# For Sale:look Carbon Kg 451 Frame, Hc 3 Fork, Ergo 2 Seatpost



## Bash (Feb 3, 2007)

*FOR SALE:* NEW! (NOS) 2005 LOOK CARBON KG 451 FRAME, HC 3 FORK, ERGO 2 SEATPOST


*FRAMESET INFO: *The KG 451 is the updated-for-2005 version of Look's longtime bread-and-butter frameset, the KG 361. If Look could only offer one frame, this would be the one. Dollar-for-dollar, you can't buy yourself a more versatile race frame. It's built from Pro Max High Resistance carbon fiber tubing, measurably stiffer than either aluminum or titanium. The multi-directional fibers are laid according to the specific stress points of the frame, with SLT Pro lugs further enhancing lateral stiffness. New for 2005 is the upgrade to the Look HSC 3 carbon fiber fork with an aluminum steerer tube. The 451's replaceable derailleur hangar can be replaced in case of a crash

*REVIEWS:* http://www.roadbikereview.com/cat/frames-and-forks/frames/Look/PRD_298993_2493crx.aspx

*SPECS:*

SEAT TUBE: 57cm C-C; 59.5cm C-T (Top of seat tube)
TOP TUBE: 57.5cm C-C
HEAD TUBE LENGTH: 15.75cm
HEAD ANGLE: 72.5
SEAT ANGLE: 72.5
STAND OVER: 835mm 
FRAME WEIGHT: 3.2 lbs 
SEATPOST SIZE: 25.0
HEADSET: Takes 1" Standard (non-integrated)

FORK: Standard 1" Carbon HSC 3 (All Carbon) 
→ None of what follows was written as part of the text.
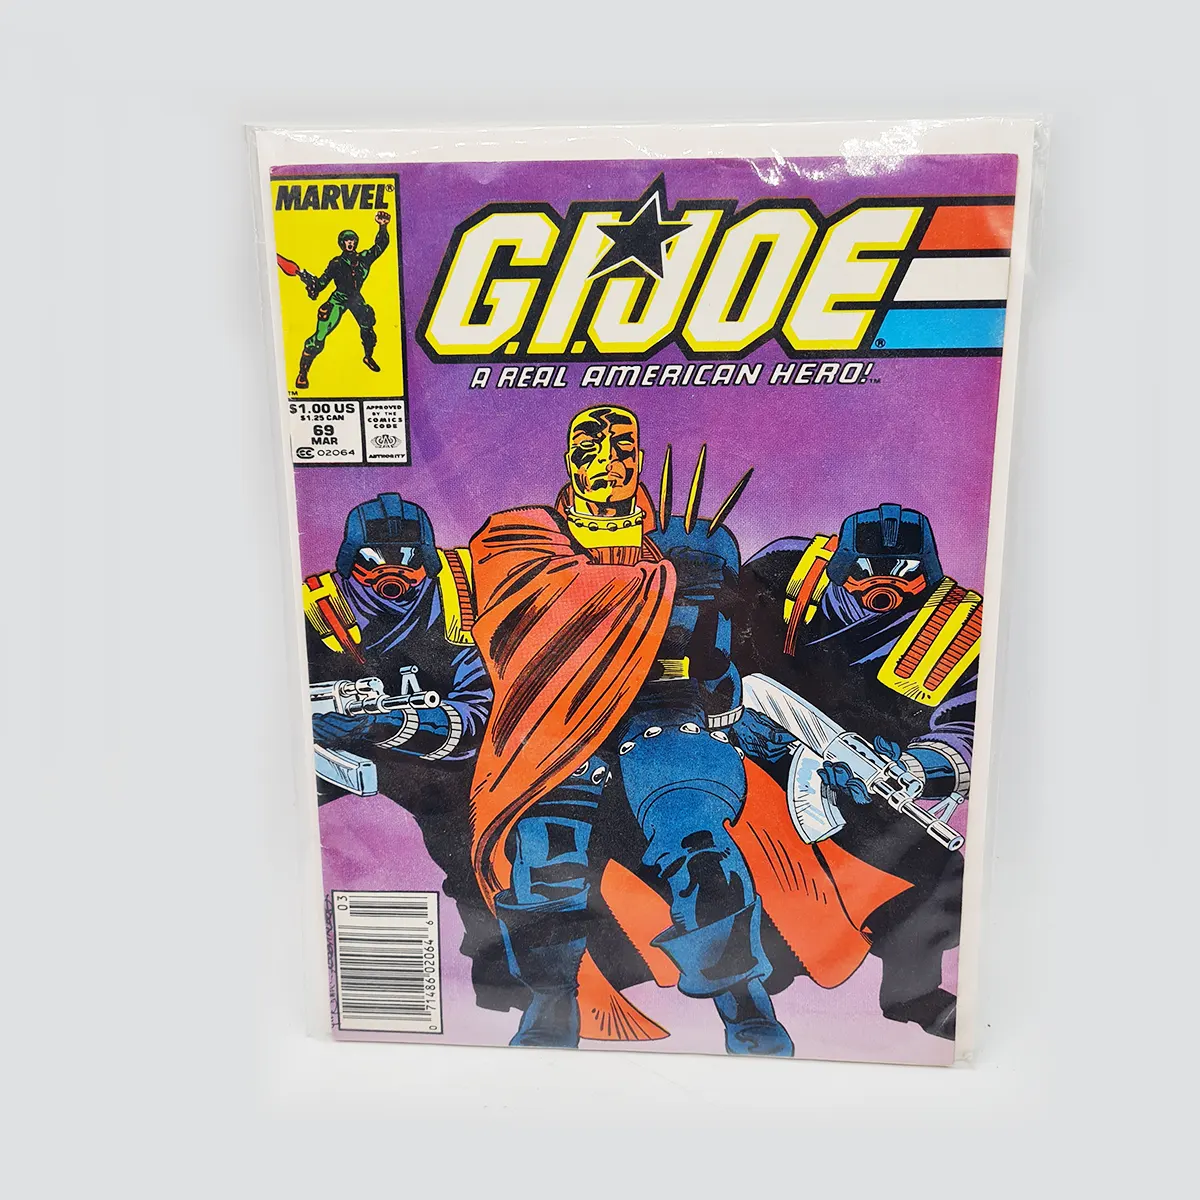 G.I Joe 69
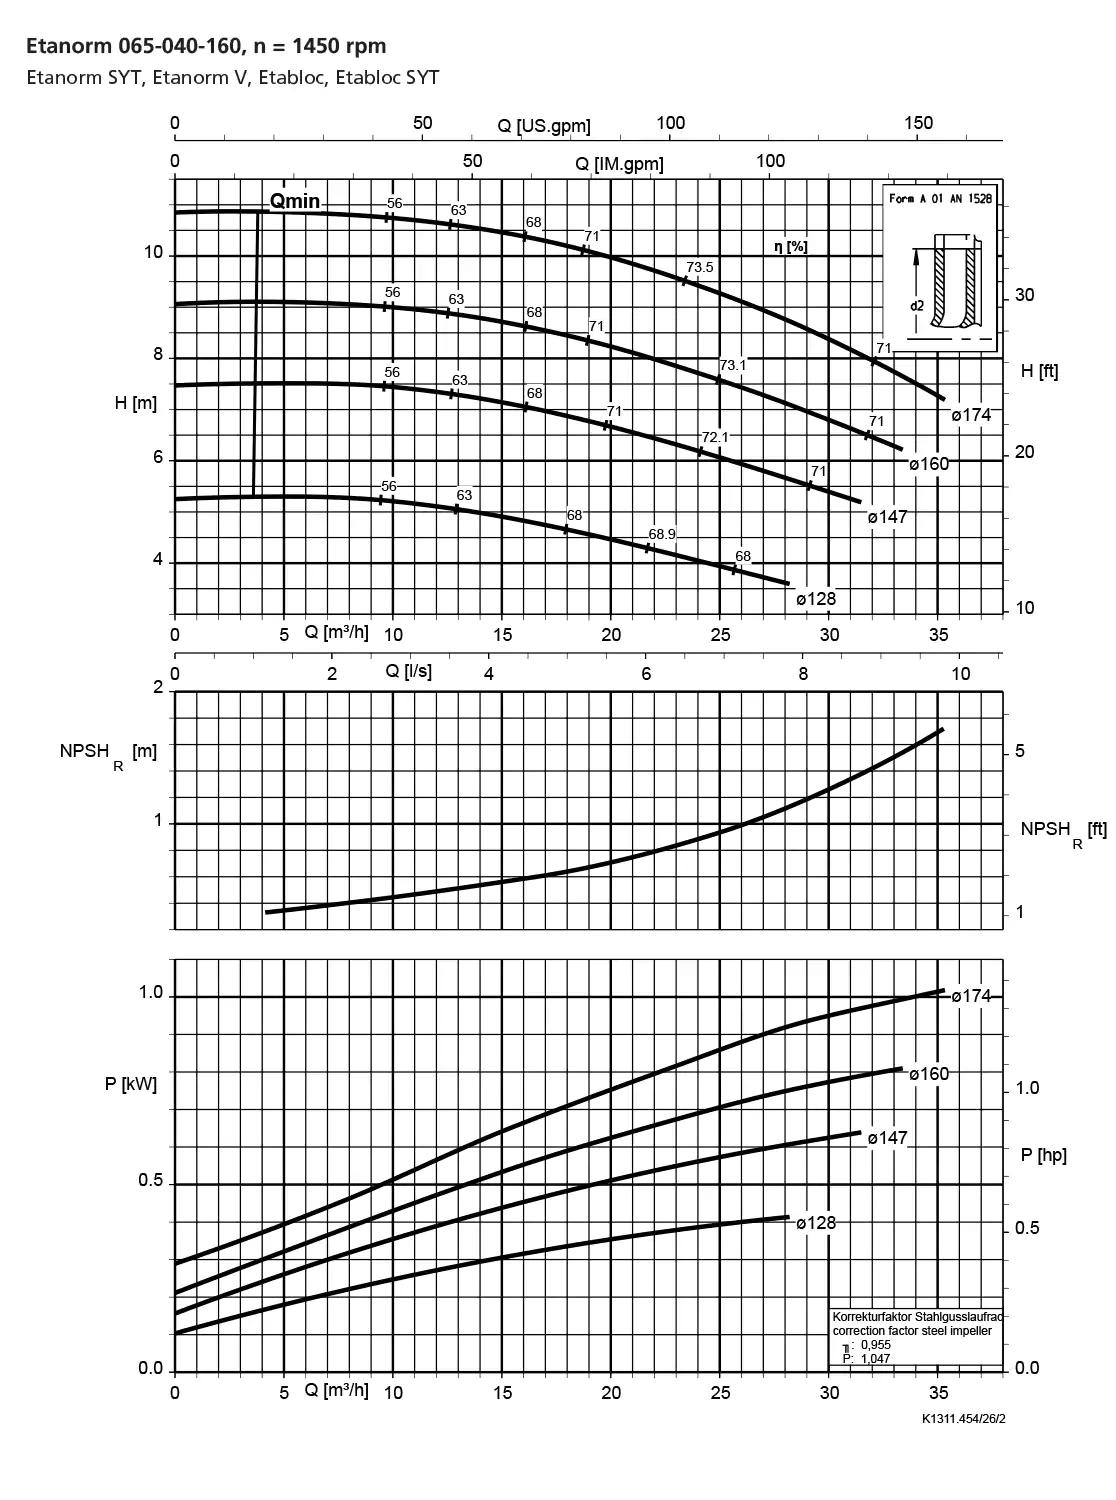 نمودار-کارکرد-پمپ-etanorm-syt-65-040-160-1450

SEATPOST: Look Ergopost 2 Carbon Seatpost 

*PRICE:* $1185 Shipped USPS Priority Mail US 48 ONLY
PAYPAL ACCEPTED: Add 3% for fees

*EMAIL:* [email protected] IF INTERESTED


----------



## Bash (Feb 3, 2007)

This is the Last KG51 frameset I have left. Accepting offers.


----------



## Bash (Feb 3, 2007)

Bash said:


> This is the Last KG51 frameset I have left. Accepting offers.


Bump!


----------



## Bash (Feb 3, 2007)

Bash said:


> Bump!



NO EBAY NOW: http://cgi.ebay.com/ws/eBayISAPI.dll?ViewItem&rd=1&item=190126792708&ssPageName=STRK:MESE:IT&ih=009


----------



## DMFT (Feb 3, 2005)

- You should buy the $2 classy ad here on RBR.........


----------



## rensho (Aug 5, 2003)

If the mods were here, they'd lock the post.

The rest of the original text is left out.